The first transducer 16 acts to measure the in-body property of interest (e.g. pressure, flow velocity, etc.). In particular, the first transducer 16 is such that an electrical property of the first transducer 16 is dependent on the in-body property to be measured. The ‘influence’ of the in-body property is shown by arrow 19. For example the electrical property can be the capacitance, inductance and/or resistance of the first transducer 16. In a specific example, as described in more detail below, the first transducer 16 is an air capacitor (i.e. a capacitor that uses air as the dielectric), and the first transducer 16 is arranged on the sensor circuit 10 such that it is exposed to the blood of the subject, and the blood pressure affects the spacing of the plates in the capacitor, and thus affects the capacitance. The capacitance of the capacitor is therefore dependent on the blood pressure.

The second transducer 18 is provided to respond to a pulsed signal having known timing properties (i.e. the timing of the pulse is known) in order to modulate the received carrier signal, and thus ‘encode’ timing information into the received carrier signal (since the measurements are read out at a time corresponding to a pulse). Thus the second transducer 18 is such that an electrical property of the second transducer 18 is dependent on a pulsed field, in particular a pulse in the pulsed field.

The pulsed field can be generated by the signal analyzer 4, as shown by arrow 20 in FIG. 1, although it will be appreciated that the pulsed field can be generated by a separate device to the signal analyzer 4, and/or to the unit that generated the RF field. The pulsed field 20 may be another RF field, but the pulsed field 20 can alternatively be an ultrasound (US) field, an X-Ray field, an electromagnetic (EM) field used in MR imaging, or light.

The characteristics of the pulsed field are such that the pulse has a sufficiently short duration to allow a defined measurement time to be identified. The pulse repetition rate is mainly needed to allow multiple measurements in a short time. The pulsed signals in the pulsed field can be in a frequency range of about 0%-5% of the RF resonance frequency of the resonant circuit 12. Some embodiments of the pulsed field are described below, but it will be appreciated that these are merely exemplary, and those skilled in the art will be aware that pulsed fields having different characteristics can be used.

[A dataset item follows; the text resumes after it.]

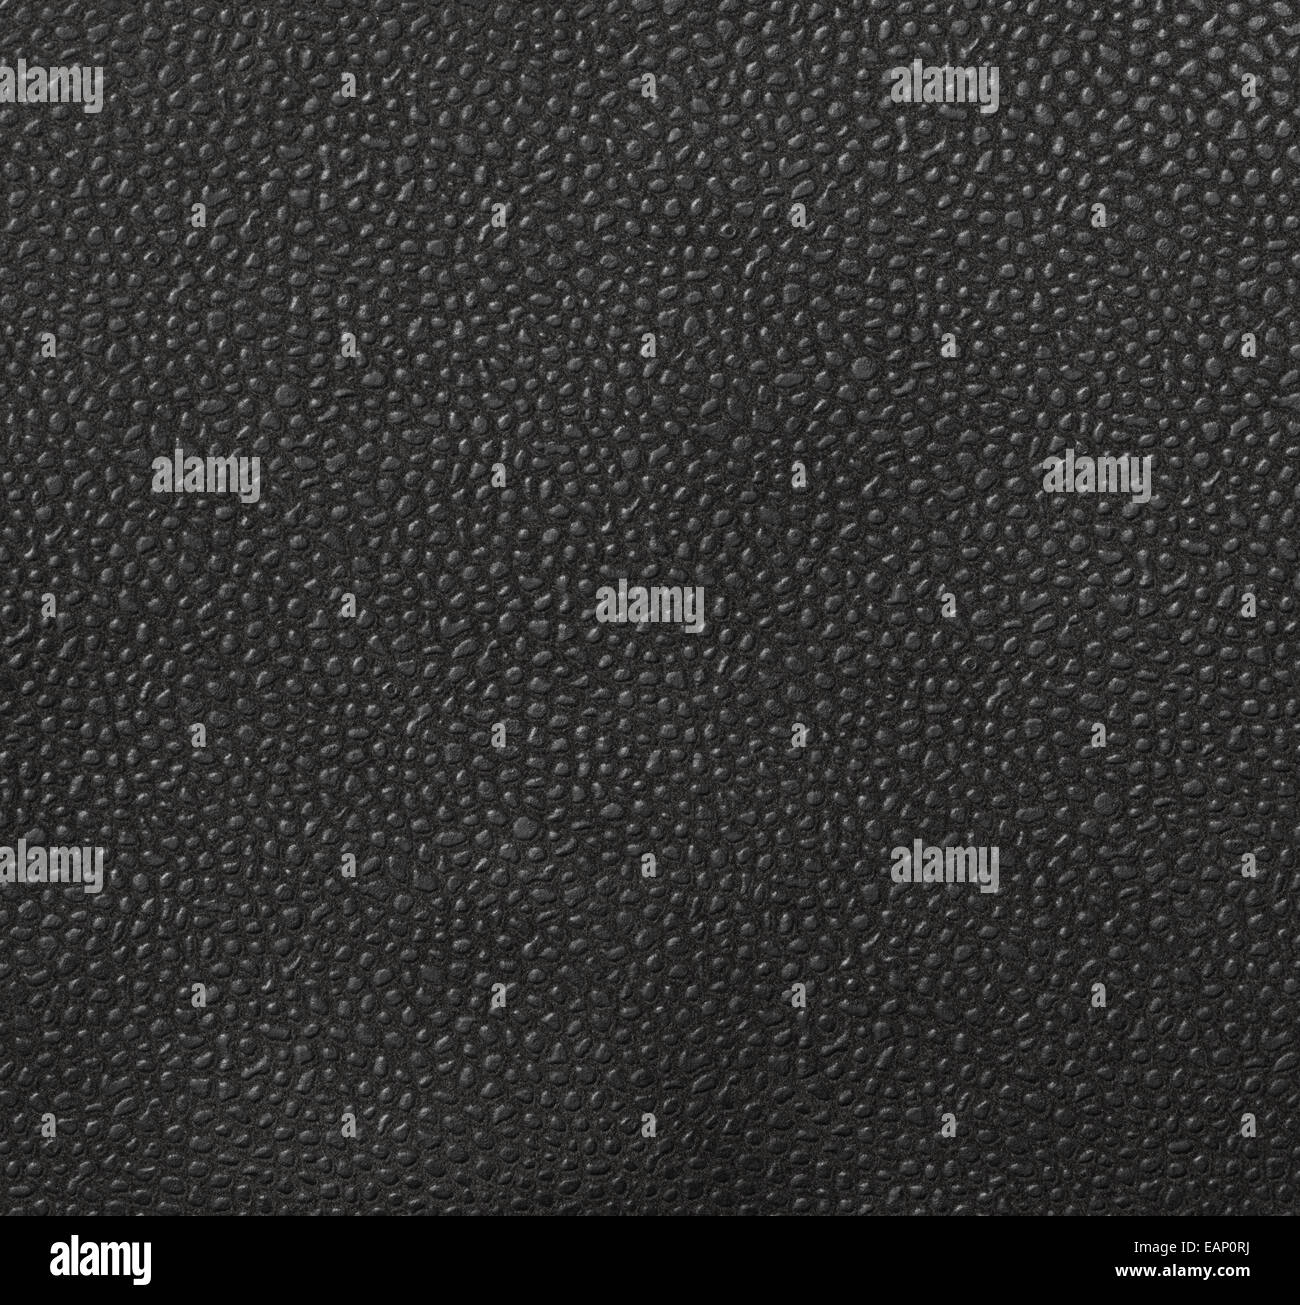 black leather texture or surface background Stock Photo

For ultrasound pulsed fields the following ranges can be used: a frequency of 1-20 MHz frequency, with a pulse width between 0.1 and 10 μs, and a pulse repetition frequency between 1 kHz to 10 kHz. An embodiment of the sensor circuit 10 that can be used with an ultrasound pulsed field is described in more detail below.

For a light-based pulsed field, light emitting diode (LED) pulses (flashes) of 100 Hz to 500 Hz can be used with a pulse width of typically between 0.1 and 10 μs to obtain well defined measurement time points. In this embodiment the second transducer 18 can be a light sensitive diode.

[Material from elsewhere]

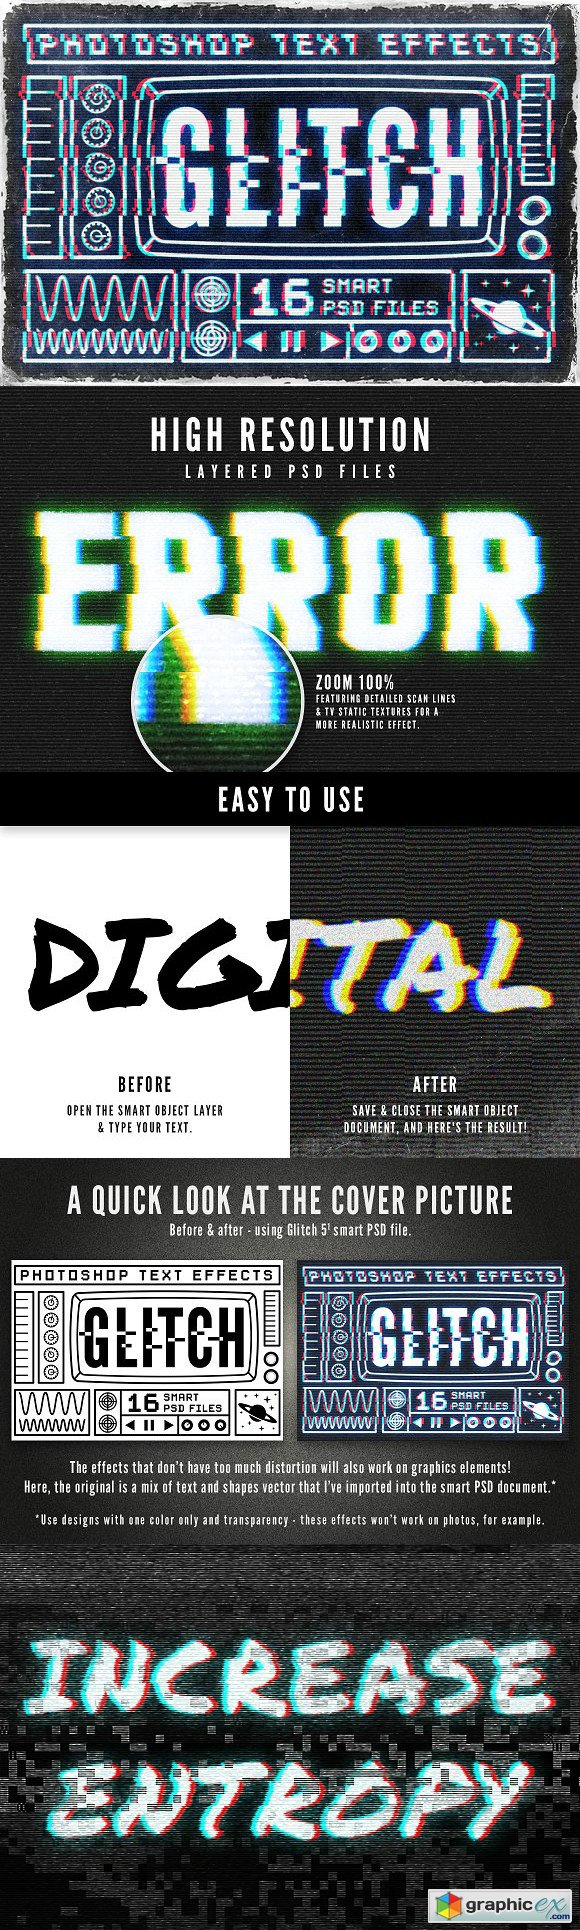 Glitch text effects for Photoshop

For an X-Ray pulsed field, a mechanical shutter can be used in order to create well-defined short X-Ray pulses, for example with a pulse width of 10-20 μs, with a pulse repetition rate of 100-200 Hz. In this embodiment the second transducer 18 can be a material that responds to X-rays.

In some embodiments, the second transducer 18 comprises a first transducer component that converts the pulsed field 20 into a positive and negative charge (and so the first transducer component acts like a charge source when exposed to the ultrasound field), and a non-linear component that has a non-linear relation between voltage and current in amplitude and phase. The non-linear component is referred to herein as a second transducer component. In some embodiments, the second transducer component can be such that its capacitance is dependent on an applied voltage. In this case the electrical property of the second transducer is capacitance. In some embodiments, the second transducer component is a variable capacitance diode, which is also known as a varactor or a varactor diode. In other embodiments the second transducer component can be an inductor with a magnetic core material close to magnetic saturation, and this inductor can translate the applied voltage from the first transducer component into a variable non-linear behavior.

In the example below in which the pulsed field 20 is an ultrasound field, the first transducer component can be a piezoelectric transducer (e.g. a transducer formed from polyvinylidene fluoride (PVDF)), and the second transducer can be a varactor.

In embodiments where an alternative pulsed field 20 is used (e.g. an X-Ray, MRI or light field), the first transducer component can be a component that responds to that pulsed field (e.g. to produce a voltage in response to the pulses), and the second transducer component can be a varactor.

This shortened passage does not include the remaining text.